### Recorded information
┄┄┄┄┄┄

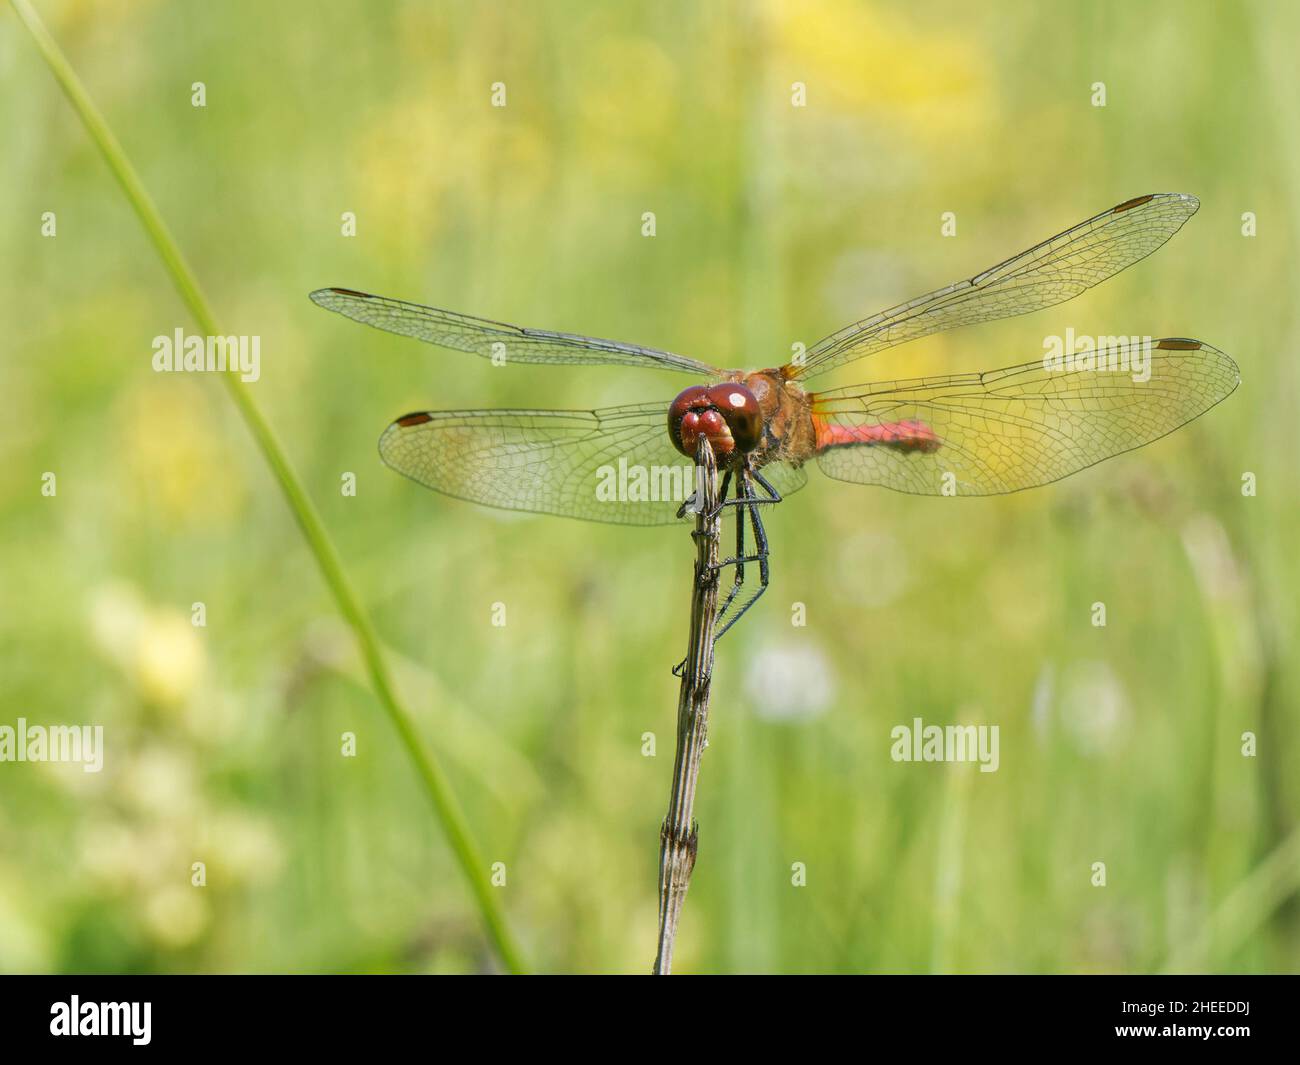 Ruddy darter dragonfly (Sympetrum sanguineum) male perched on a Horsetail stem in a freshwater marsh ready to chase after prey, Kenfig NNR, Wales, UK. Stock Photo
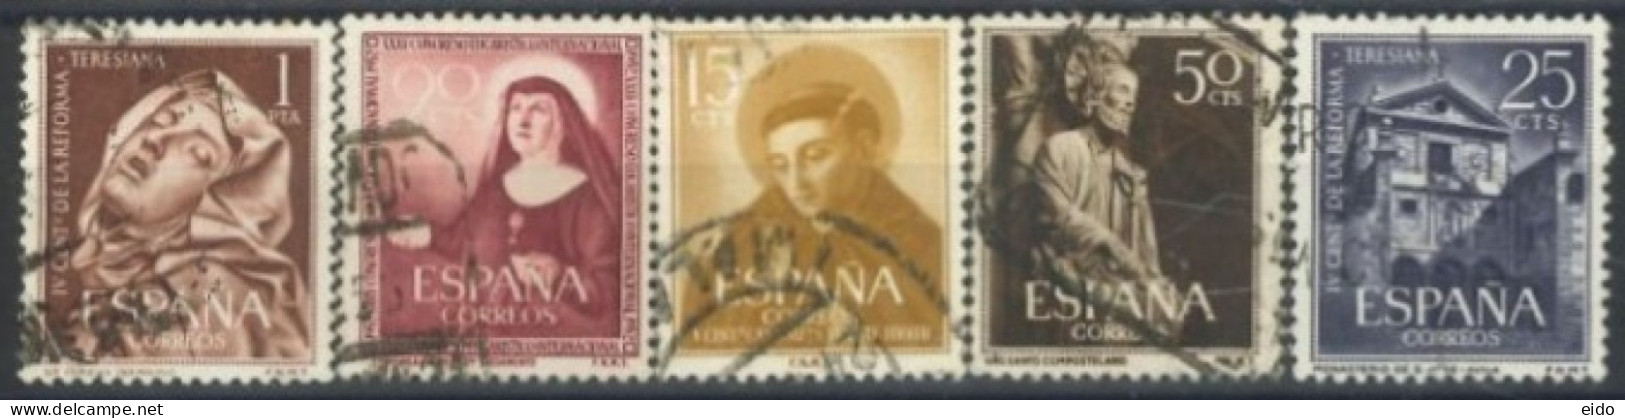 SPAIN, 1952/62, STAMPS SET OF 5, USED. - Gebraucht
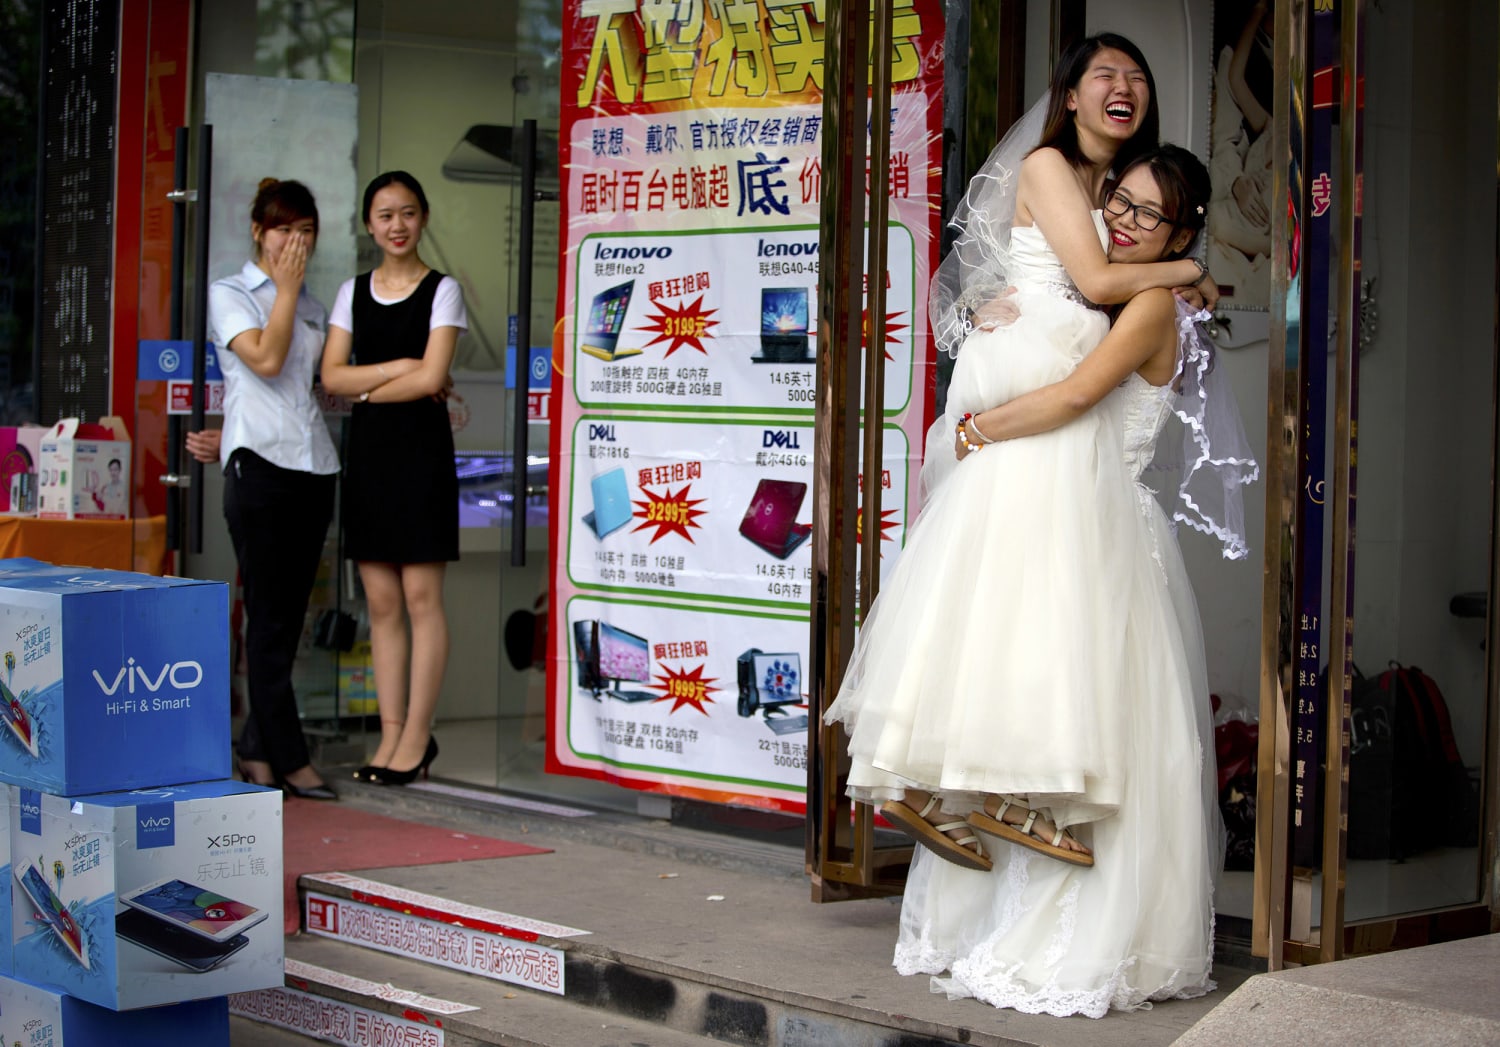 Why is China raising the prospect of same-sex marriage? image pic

┄┄┄┄┄┄

### Required work
Every word of the material, and none of its pictures, should be set down again.

### Result
 Ruddy darter dragonfly (Sympetrum sanguineum) male perched on a Horsetail stem in a freshwater marsh ready to chase after prey, Kenfig NNR, Wales, UK. Stock Photo
 SPAIN, 1952/62, STAMPS SET OF 5, USED. - Gebraucht
 Why is China raising the prospect of same-sex marriage? image pic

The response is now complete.